Generally, metal coating is usually done by direct current sputtering, while non-conductive ceramic materials are sputtered by RF alternating current sputtering. The basic principle is to use glow discharge (glowdis-charge) in a vacuum to impact argon (Ar) ions on the target surface. The positive ions in the plasma will accelerate to the negative electrode surface of the sputtered material. This impact will cause the target material to fly out and deposit on the substrate to form a thin film.

?Several characteristics of sputtering process for thin film coating:

?(1) Metals, alloys or insulators can be made into thin film materials.

?(2) Under appropriate setting conditions, multiple complex target materials can be made into thin films of the same composition.

?(3) By adding oxygen or other active gases to the discharge atmosphere, a mixture or compound of the target material and gas molecules can be made.

?(4) The target input current and sputtering time can be controlled, and it is easy to obtain high-precision film thickness.

?(5) Compared with other processes, it is more conducive to the production of large-area uniform thin films.

?(6) The sputtered particles are almost unaffected by gravity, and the positions of the target and substrate can be freely arranged.

(7) The adhesion strength between the substrate and the film is more than 10 times that of the general evaporation film. Since the sputtered particles carry high energy, they will continue to diffuse on the film-forming surface to obtain a hard and dense film. At the same time, this high energy allows the substrate to obtain a crystalline film at a relatively low temperature.

(8) The nucleation density is high at the initial stage of film formation, and an extremely thin continuous film below 10nm can be produced.

(9) The target material has a long life and can be automatically produced continuously for a long time.

(10) The target material can be made into various shapes, and can be better controlled and produced most efficiently with the special design of the machine.

?Differences between evaporation and sputtering:

?Sputtering is the abbreviation of vacuum sputtering coating, which is a physical coating method.

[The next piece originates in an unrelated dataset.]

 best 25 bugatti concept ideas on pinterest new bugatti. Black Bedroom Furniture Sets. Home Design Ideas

?Vacuum coating mainly refers to a type of coating that needs to be carried out under a high vacuum degree. There are many types, including vacuum ion evaporation, magnetron sputtering, MBE molecular beam epitaxy, PLD laser sputtering deposition, etc. The main idea is to divide it into two types: evaporation and sputtering.

?The substrate to be coated is called the substrate, and the material to be coated is called the target. The substrate and the target are in the same vacuum chamber.

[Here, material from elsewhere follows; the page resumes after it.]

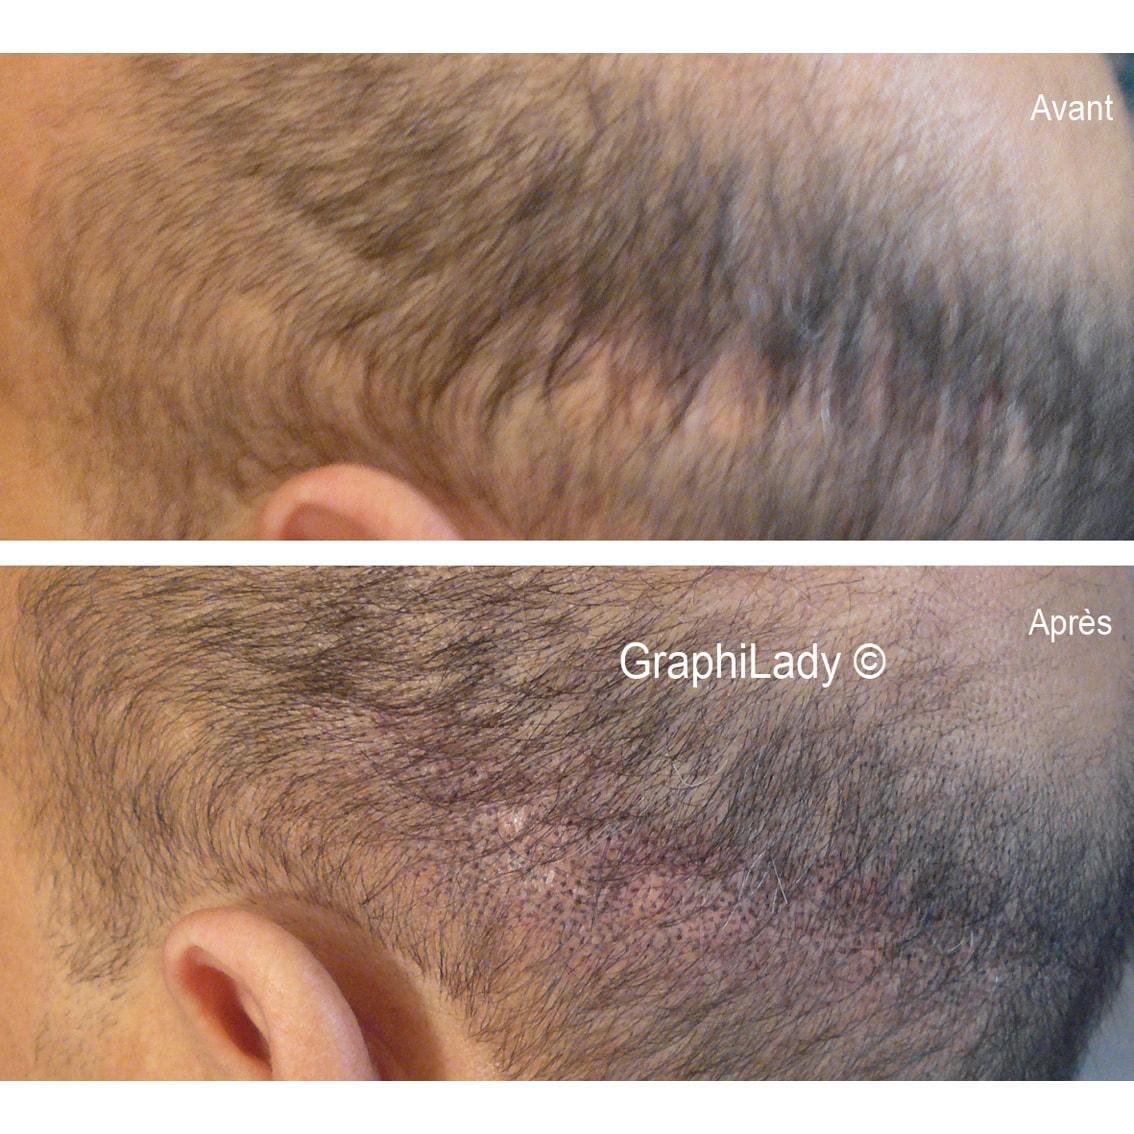 maquillage permanent cicatrice 08

?Evaporation coating generally involves heating the target so that the surface components are evaporated in the form of atomic groups or ions, and are deposited on the surface of the substrate, and a thin film is formed through the film-forming process (scattered points-island structure-vagal structure-layered growth).

?For sputtering coating, it can be simply understood as bombarding the target with electrons or high-energy lasers, and sputtering the surface components in the form of atomic groups or ions, and finally depositing on the surface of the substrate, undergoing a film-forming process, and finally forming a thin film.

Anodic oxidation

?An electrolytic process, in which the metal sheet providing the plating metal acts as an anode, the electrolyte is usually an ion solution with metal plating, and the plated object acts as a cathode. After the voltage is input between the anode and the cathode, the metal ions in the electrolyte are attracted to swim to the cathode, and are plated on it after reduction. At the same time, the metal at the anode is dissolved again, providing the electrolyte with more metal ions. In some cases, an insoluble anode is used, and new electrolyte needs to be added during electroplating to supplement the plated metal ions.

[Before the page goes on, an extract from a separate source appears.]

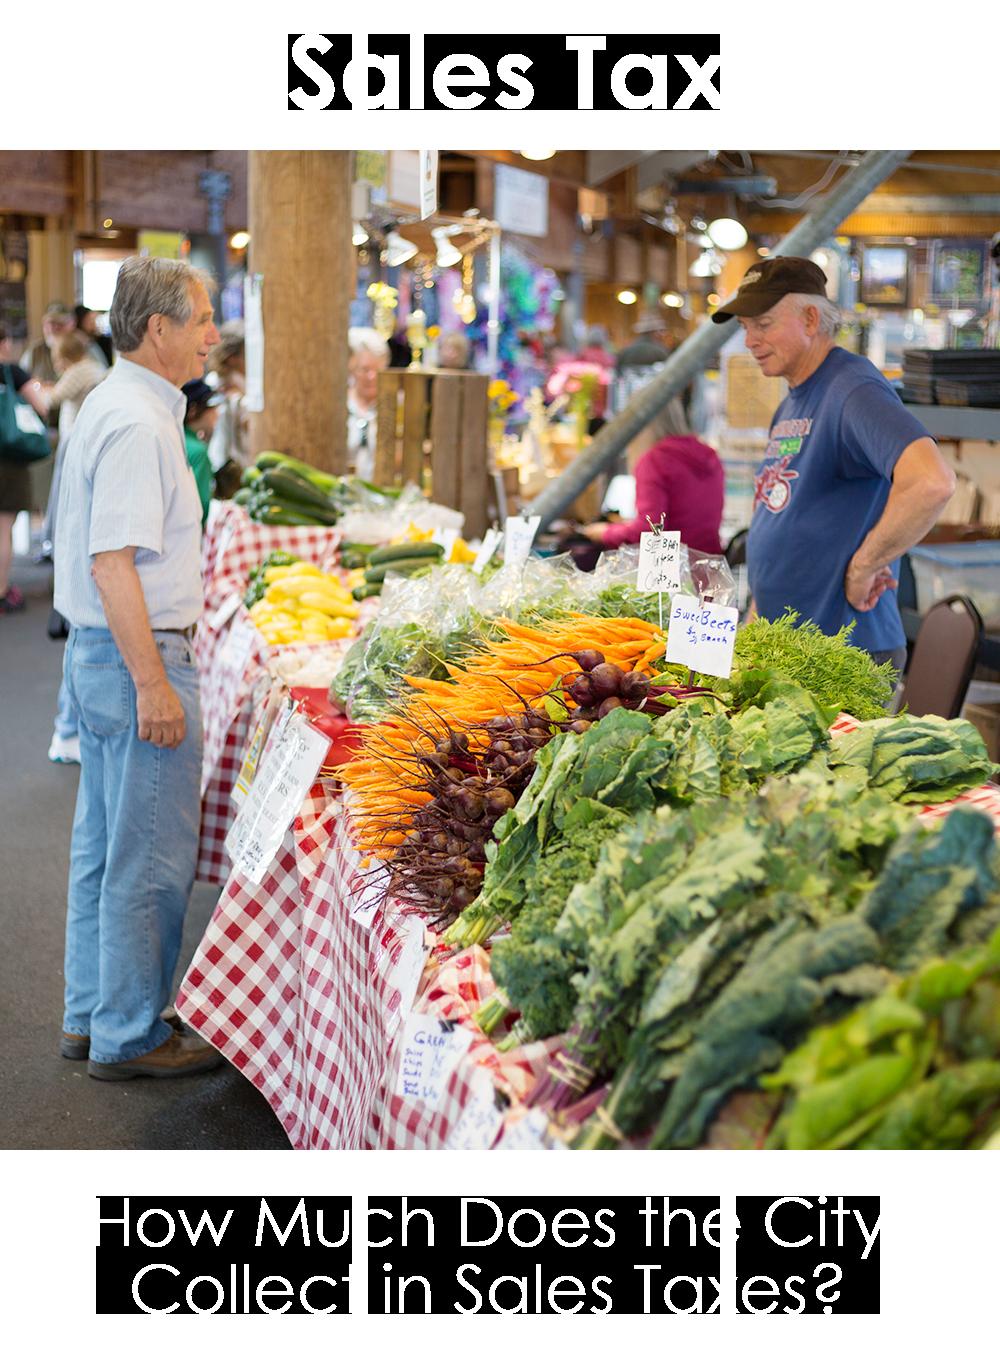 Customer and Vendor at Farmers Market

Generally, aluminum alloys are easily oxidized. Although the oxide layer has a certain passivation effect, it will still peel off and lose its protective effect as a result of long-term exposure. Therefore, the purpose of anodizing is to use its easy oxidation characteristics to control the formation of the oxide layer by electrochemical methods to prevent further oxidation of the aluminum material and increase the mechanical properties of the surface.